- Also known as: The Stranger
- Genres: Dancehall reggae
- Occupations: Record producer, songwriter, instrumentalist, engineer, and mixer
- Years active: 1992–present
- Labels: Penthouse Studios, Madhouse Records

= Dave Kelly (producer) =

Jamaican record producer

Dave Kelly is a Jamaican record producer and the brother of record producer Tony "CD" Kelly. He began his career as an engineer in the late 1980s. After getting into producing at the Penthouse label of Donovan Germain, he started his own label, Madhouse, together with business partner Janet Davidson in 1991. He went on to become one of the most successful dancehall reggae producers in Jamaica, recording numerous songs that topped the local and international reggae charts, such as "Action" by Nadine Sutherland & Terror Fabulous in 1994 and "Look" by Bounty Killer in 1999.
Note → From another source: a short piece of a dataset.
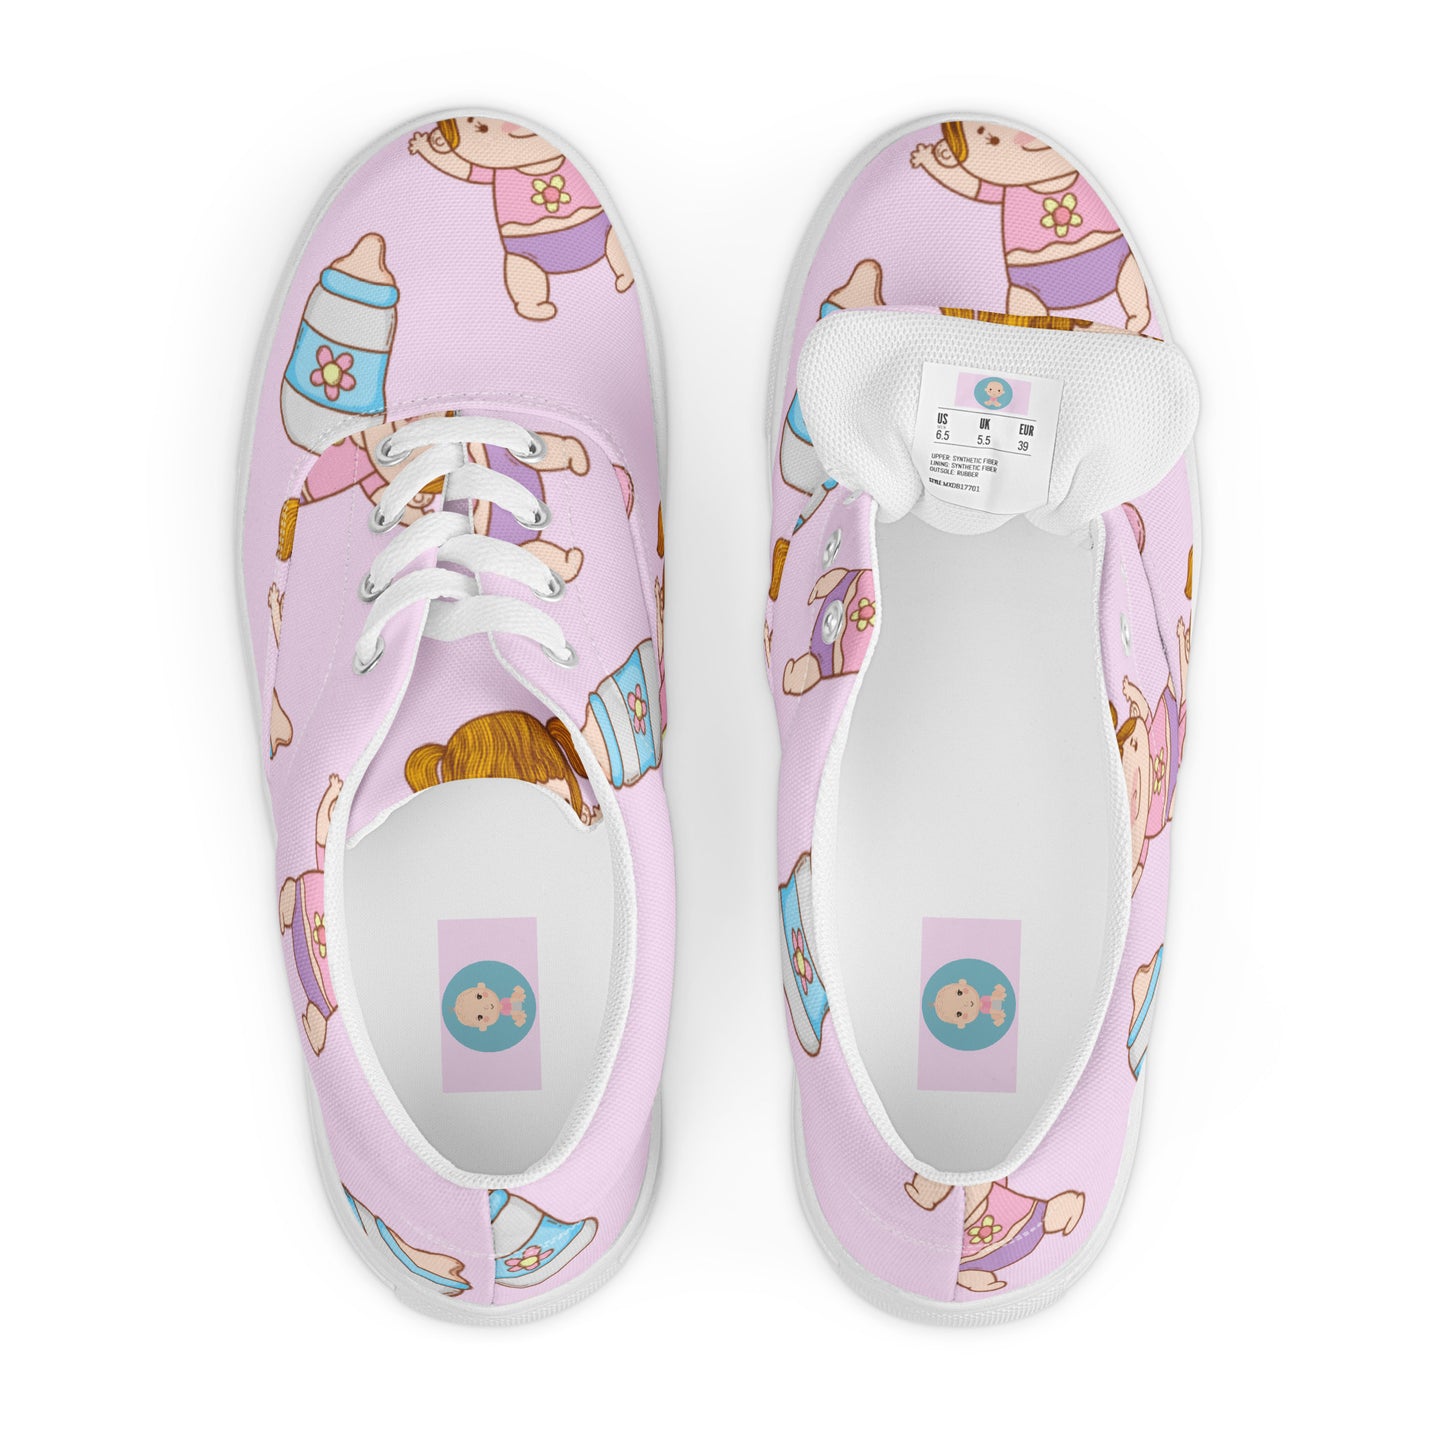 ABDL Cute Baby Men's Lace-up Canvas Shoes

Dave Kelly has released some of the most popular and influential dancehall riddims such as Joy Ride, Showtime, Fiesta, and Eighty-Five. He produced Beenie Man's international hit "Dude" featuring Ms. Thing in 2003 on the Fiesta riddim, which was featured on Beenie Man's album Back to Basics and Baby Cham's major hit "Ghetto Story," on the Eighty-Five riddim, which was the title track of Baby Cham's 2006 album that he also produced. He is also the producer of Buju Banton's 2020 Track "Blessed".